Organ and tissue shortages have driven a need for alternatives to traditional reconstructive and transplantation techniques. Tissue engineering has arisen amidst the promise of producing patient-specific, biocompatible substitutes that could revolutionize plastic and transplantation surgery. Although successful in a few clinical situations, an increase in the number of tissue engineered products is limited, in part, by the formation of a patent blood supply within the tissue. The mass transfer limitations of engineered tissue are well-documented, but little progress has been made in addressing this need.
In this thesis, a systematic approach was used to study angiogenesis. First, a comprehensive method was developed using 6-mum serial sections of tissue, immunostaining for CD31, brightfield microscopy, automated alignment of two-dimensional sections, and volume rendering to produce high-resolution, three-dimensional, quantifiable images of microvascular structure. Comparing measurements from automated and manually aligned MRI and fibrin samples verified quantitation. Automation removes concerns of observer bias or variation and increases the speed of analysis. Data obtained from these automatically aligned images agreed with those obtained using manual analysis, and the results were consistent with data from traditional methods.

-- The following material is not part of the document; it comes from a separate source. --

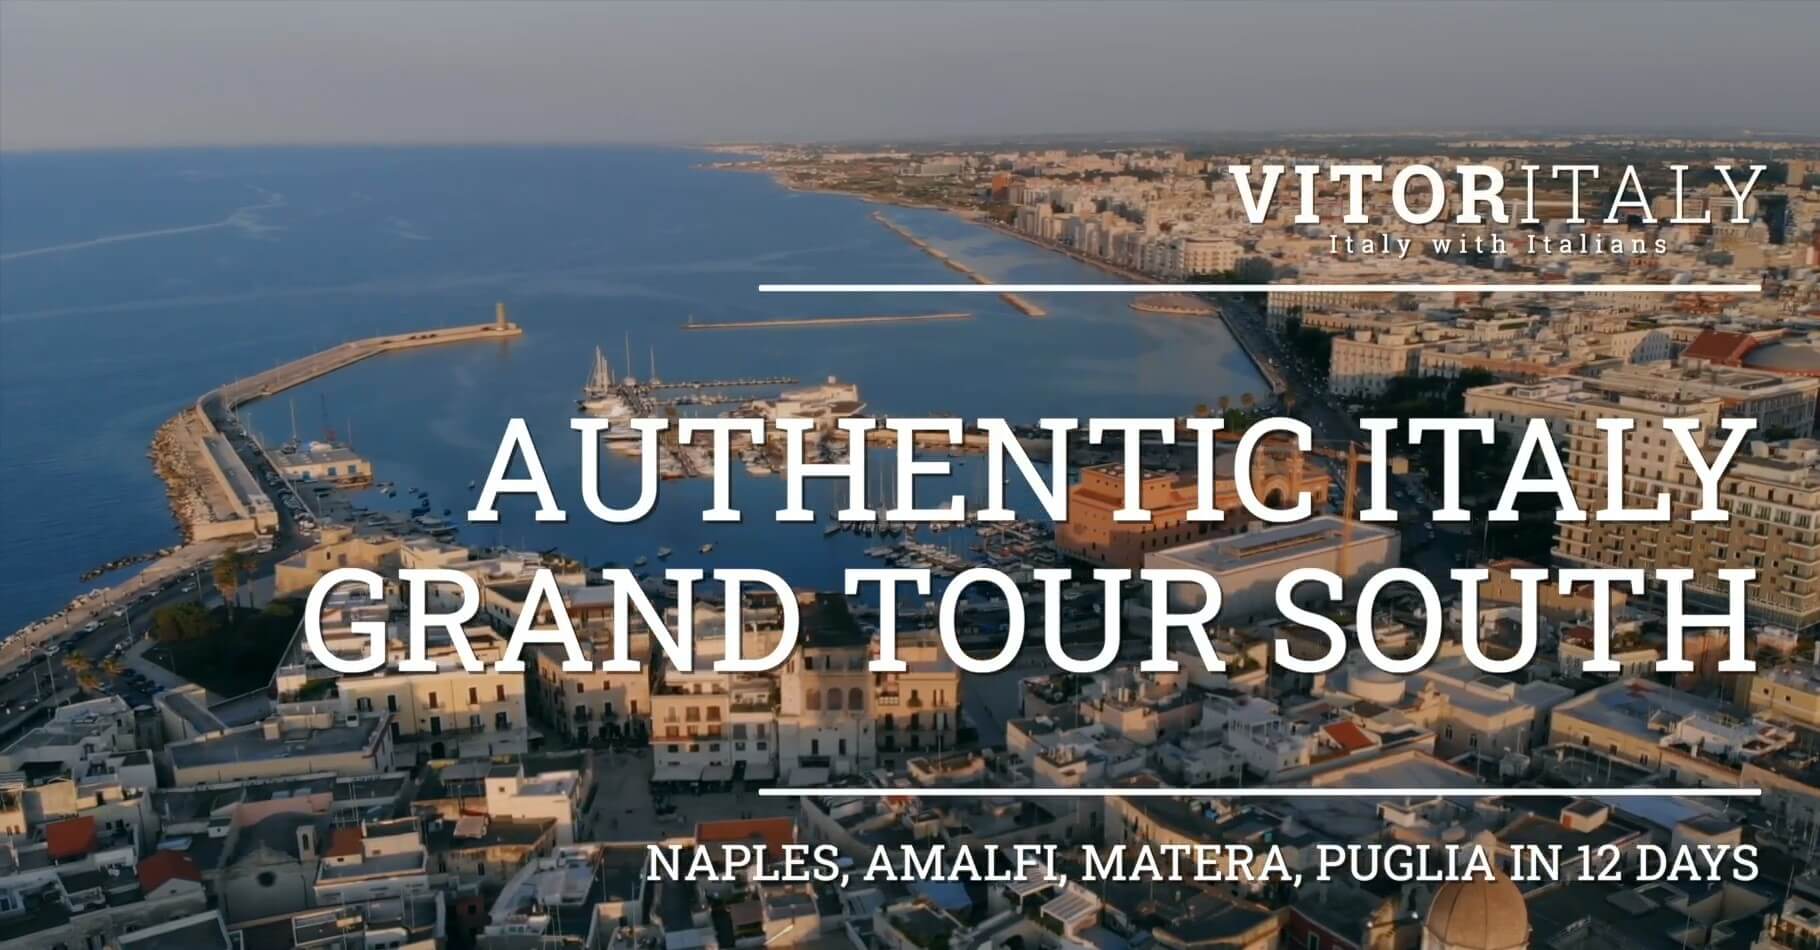 AUTHENTIC ITALY PRIVATE TOUR SOUTH - Naples, Amalfi, Matera, Puglia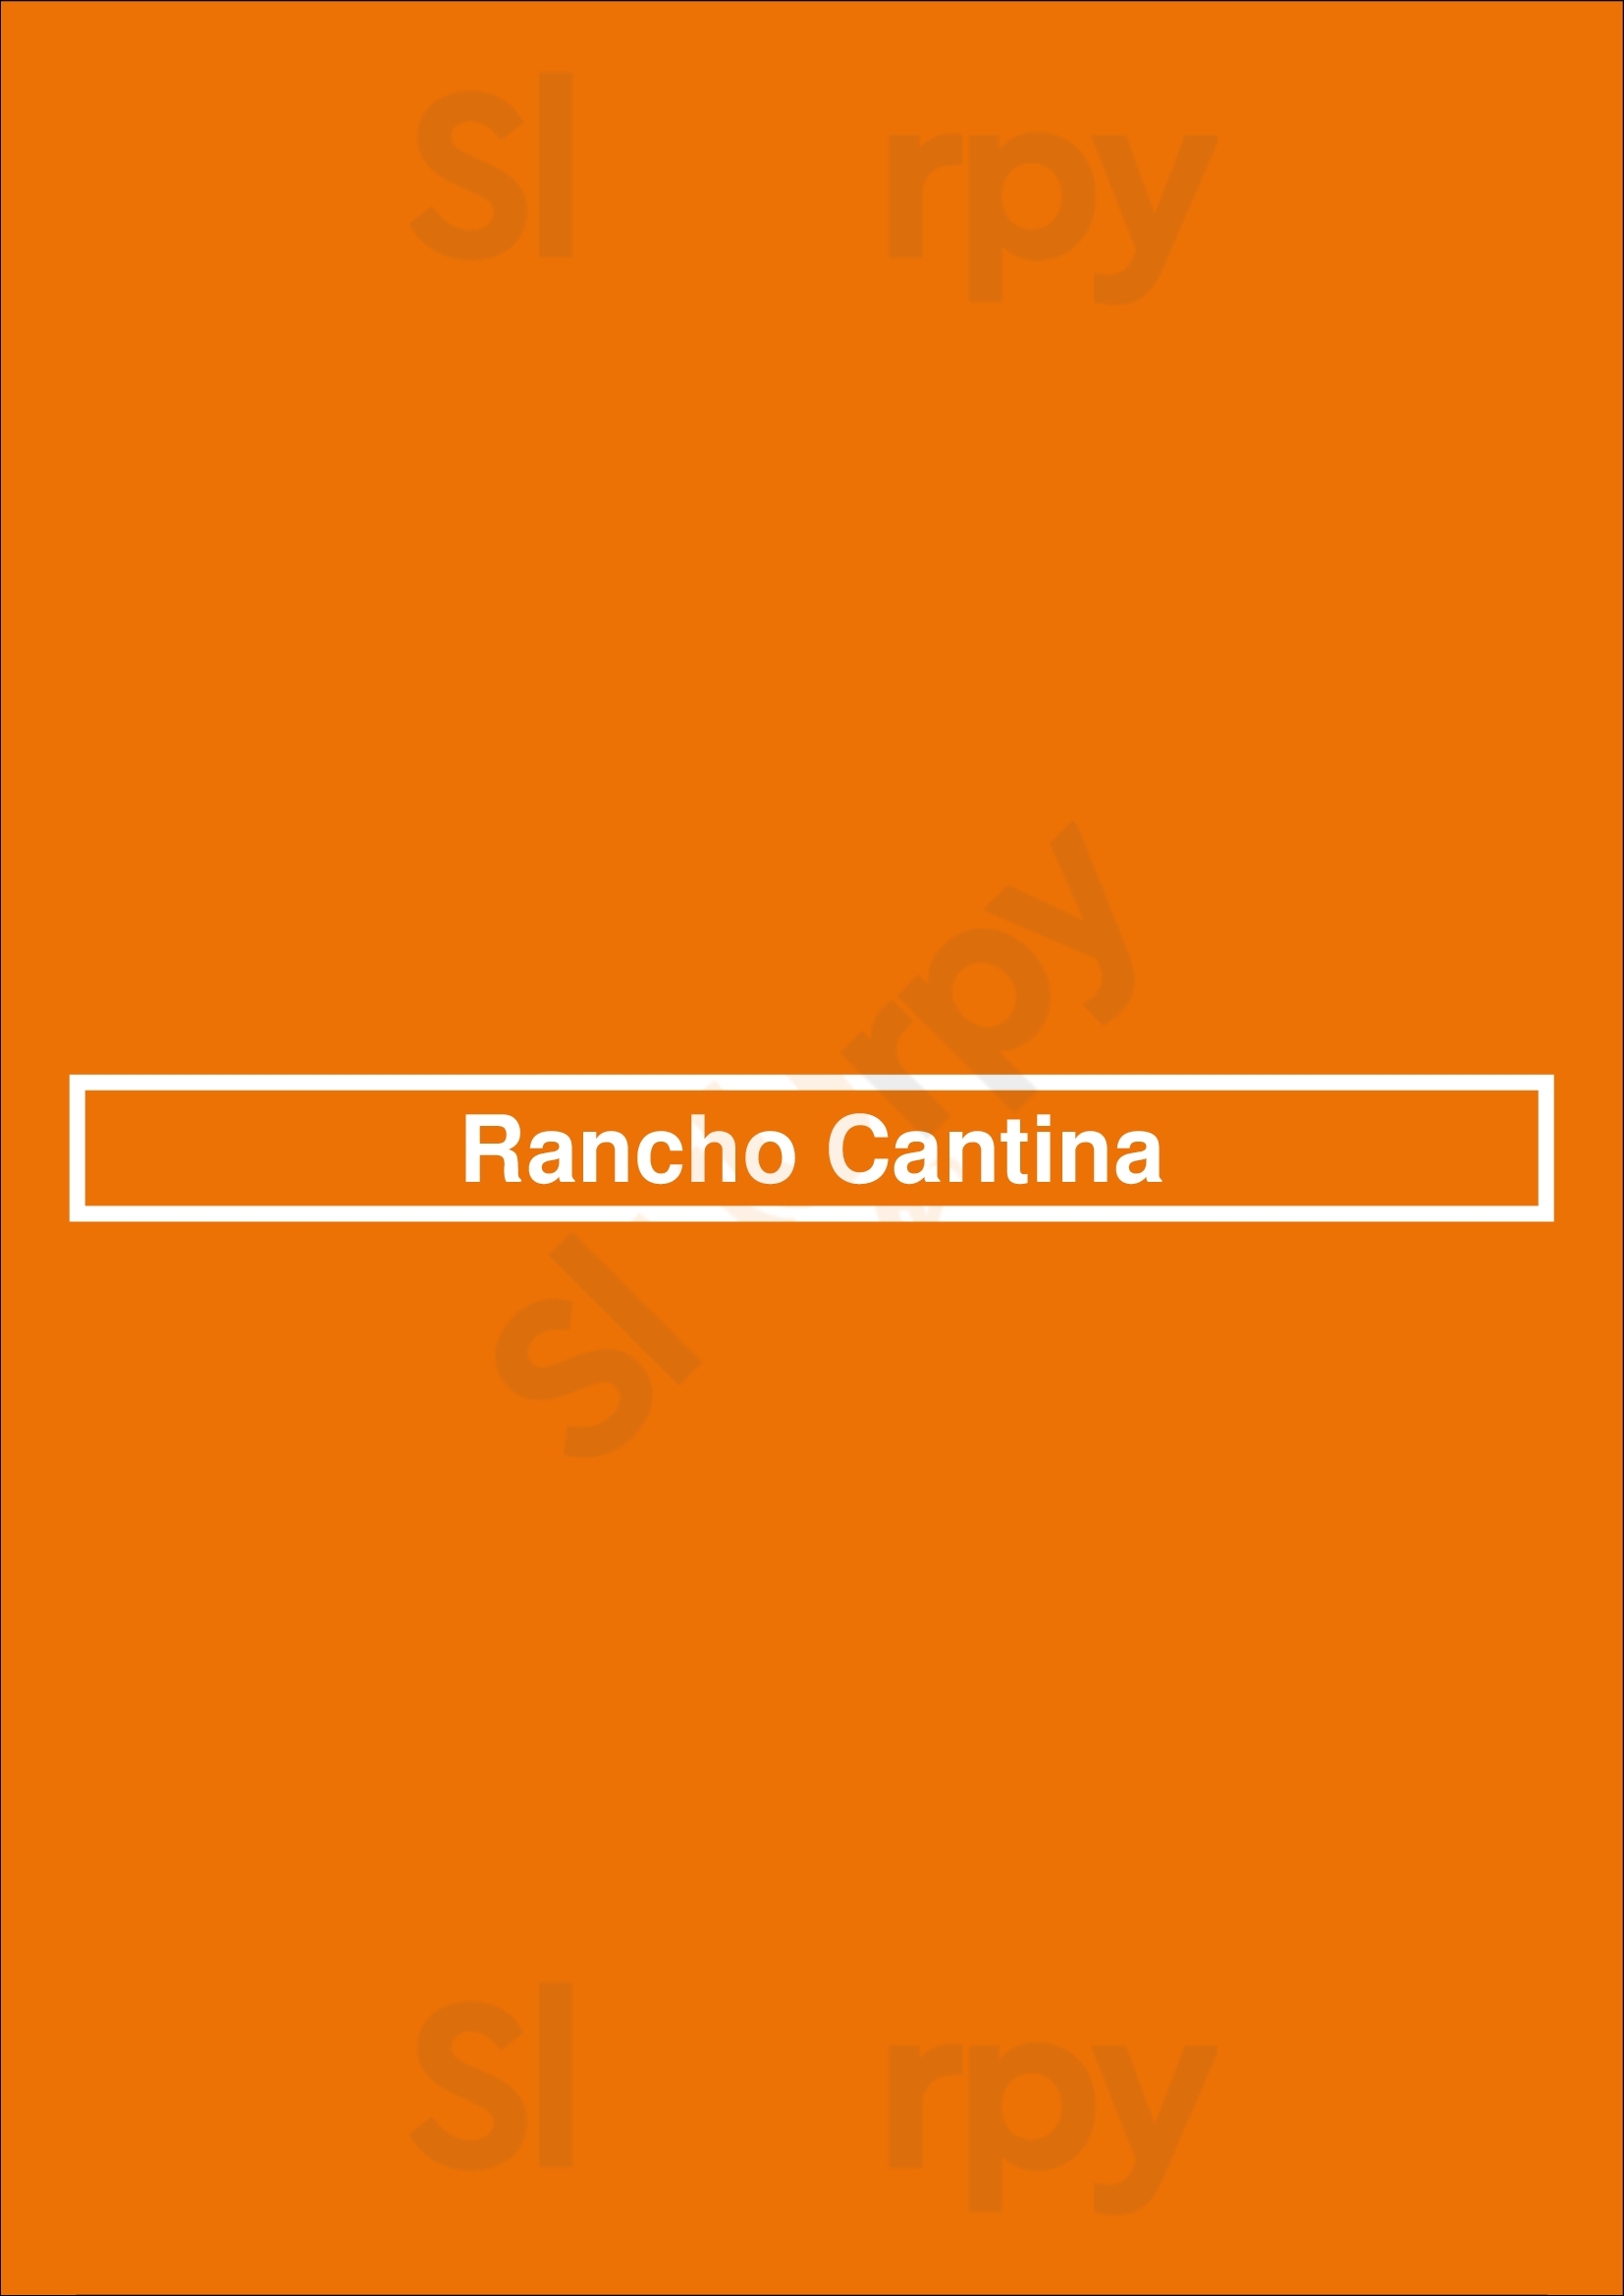 Rancho Cantina Lafayette Menu - 1

Next, three-dimensional analysis and double immunohistochemical stains were used to show that desmin and smooth muscle alpha actin (SMA) positive cells are present during vessel sprout formation in an in vivo fibrin gel model. Although the level of staining with desmin and SMA was the same, their distribution during angiogenesis was quite different. In addition, mural cell coated vessels were present in the gels at 14 days, but absent at 21 days following loss of the fibrin. These results indicate that the presence of desmin or SMA positive cells surrounding a vessel surface is not conclusive of vessel stability.
The fibrin gel results suggest that growth of both endothelial cells and mural cells are important to normal angiogenic processes. Therefore, we hypothesized that a mutant, cysteine-free version of fibroblast growth factor one (FGF-1cys-) would increase angiogenesis over wild type FGF-1 (wtFGF-1) in an in vivo collagen gel model. FGF-1 cys- increased angiogenesis over wtFGF-1 at 12 days but did not alter the mural cell presence.